We know that higher interest rates have depressed the single-family residential real estate market. How have they affected other real estate sectors? 

Interest rates are also increasing for commercial investors, so the effects are similar. As commercial investors create their pro formas for potential investments, in many cases they are having to invest more equity on the front end for a real estate investment to meet their financial goals. 

What are the hottest real estate sectors for investors?

Recent occupancy numbers in northwest Arkansas show the warehouse market is near 100% occupancy. So following the rules of supply and demand, investors would be wise to point their funds in the direction of warehouse development.

What’s been the best piece of advice you’ve received in your career, and how do you apply it?

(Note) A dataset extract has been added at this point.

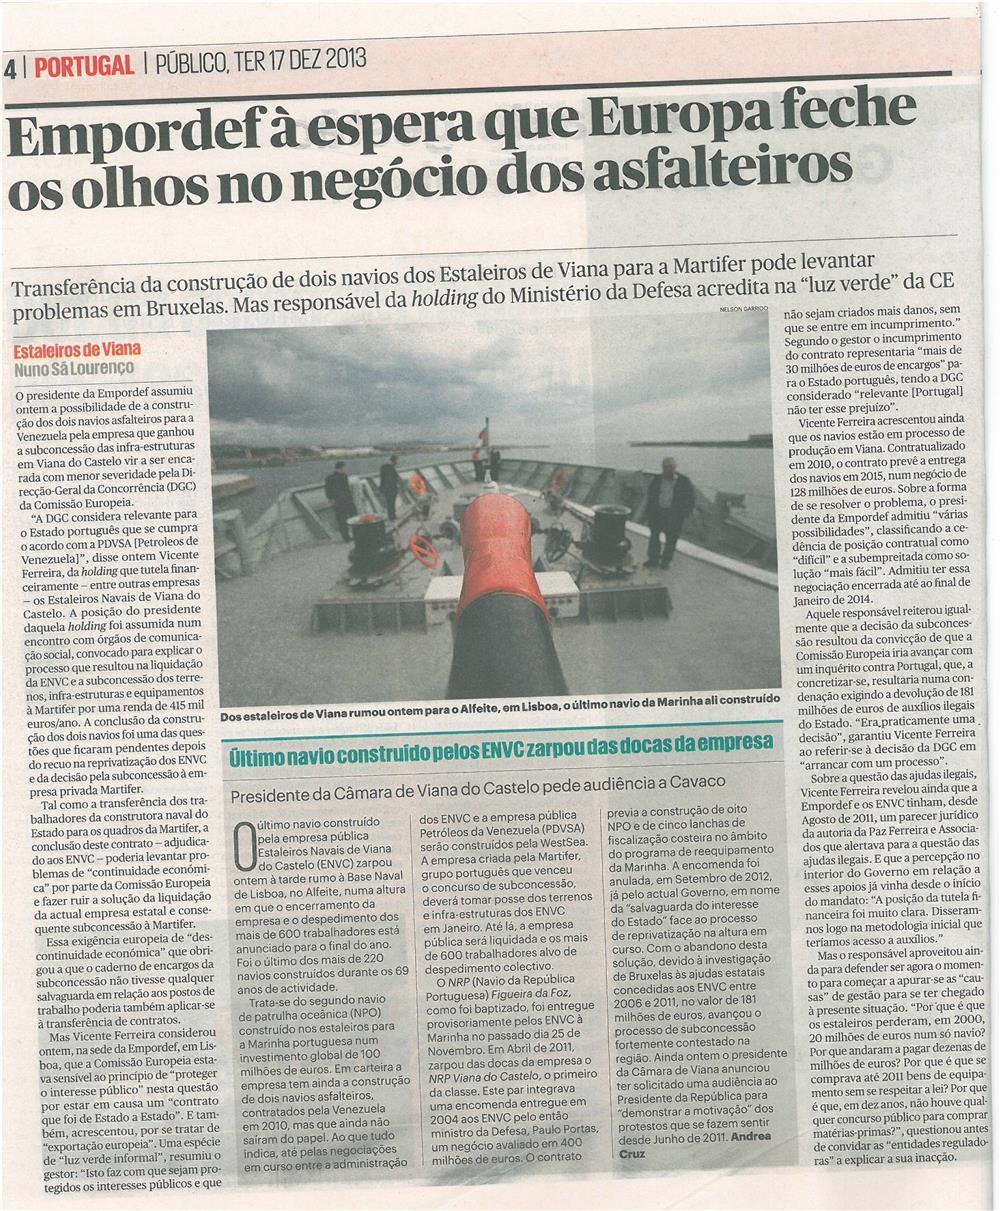 Público-17dez13-p4-Empordef à espera que Europa feche os olhos no negócio dos asfalteiros
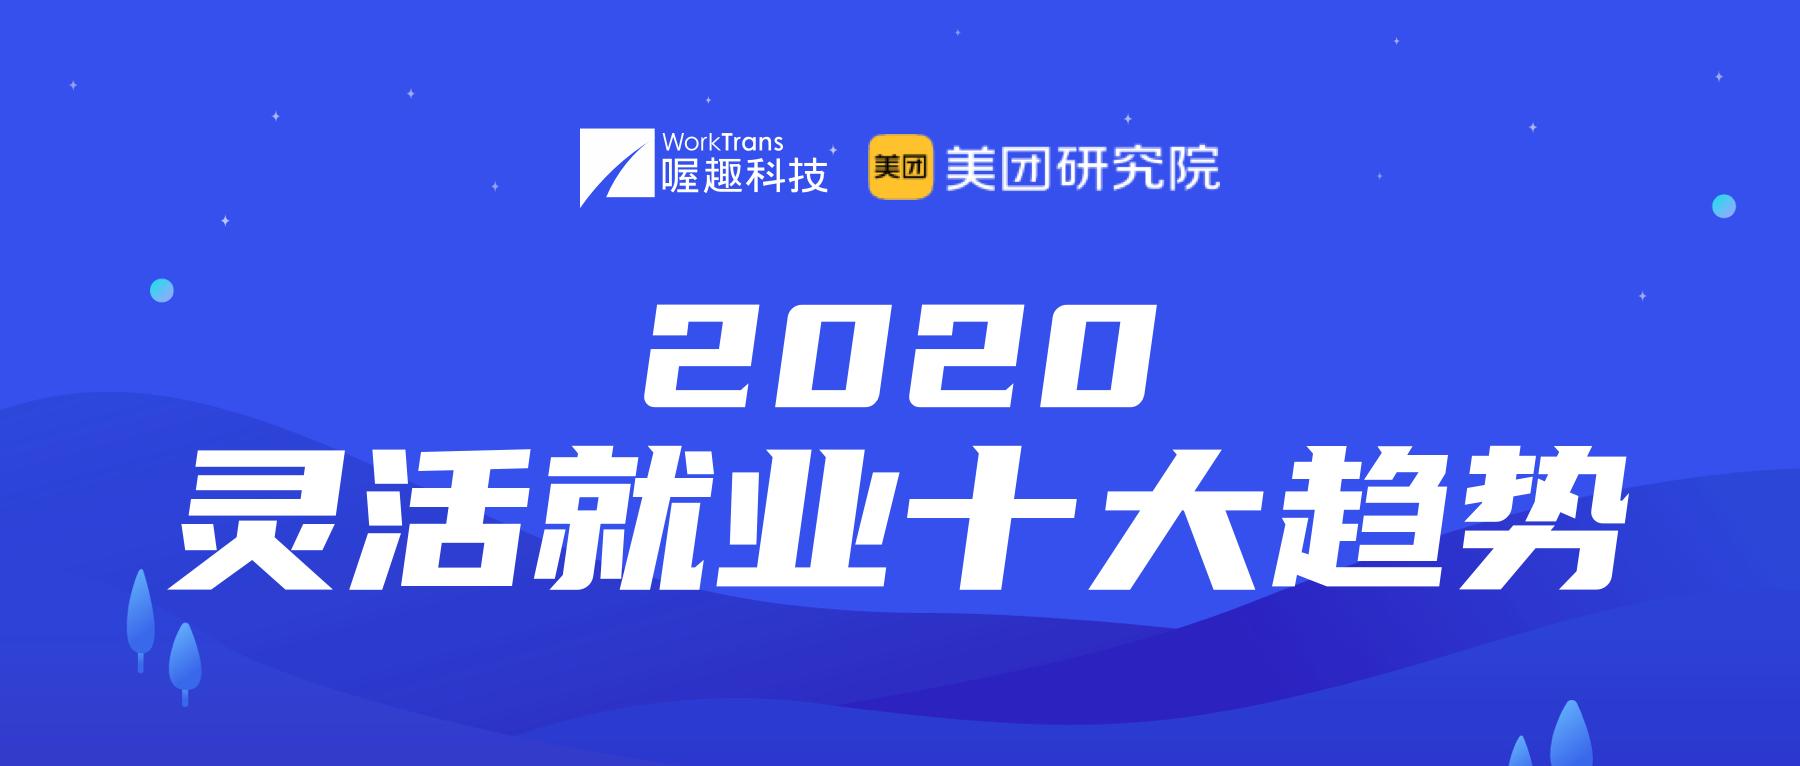 美团研究院联合喔趣科技发布《2020灵活就业十大趋势》报告

Having had the opportunity to work with Walmart as a young executive early in my career was an experience that shaped my work ethic, even to this day. I was privileged enough to attend the Walton Institute, where one of the main principles they emphasized was “strive for excellence.” Perfection may be a lofty goal, but there is nothing wrong with working toward it. I benefited, both personally and professionally, from so many mentors during my time at Walmart. I witnessed so many examples first hand of how they strived for excellence in their daily lives. One of my favorite stories is when I attended a competition shopping visit with Sam Walton and several others to a Kmart store (Walmart’s biggest competitor at the time). He bought a few items so he could compare Walmart’s prices. In the parking lot, Sam asked the local district manager what he thought of the store. The manager proceeded to talk about all the ways we were doing better than the competition. Sam stopped him and said, “We know what we are doing well, but what are they doing better than us?” He was already running the No. 1 retailer in the world, but didn’t rest on his laurels. I was shown that we should continue to seek ways to improve even when we were performing better than everyone around us. Did we leave any money on the table? If we reached our goals, could you have done better? Always striving for excellence. I have found it very rewarding to apply this concept both in my personal life and in my current business. Sure, we always take time to celebrate our victories, but even in those victories we should never stop looking for ways to improve.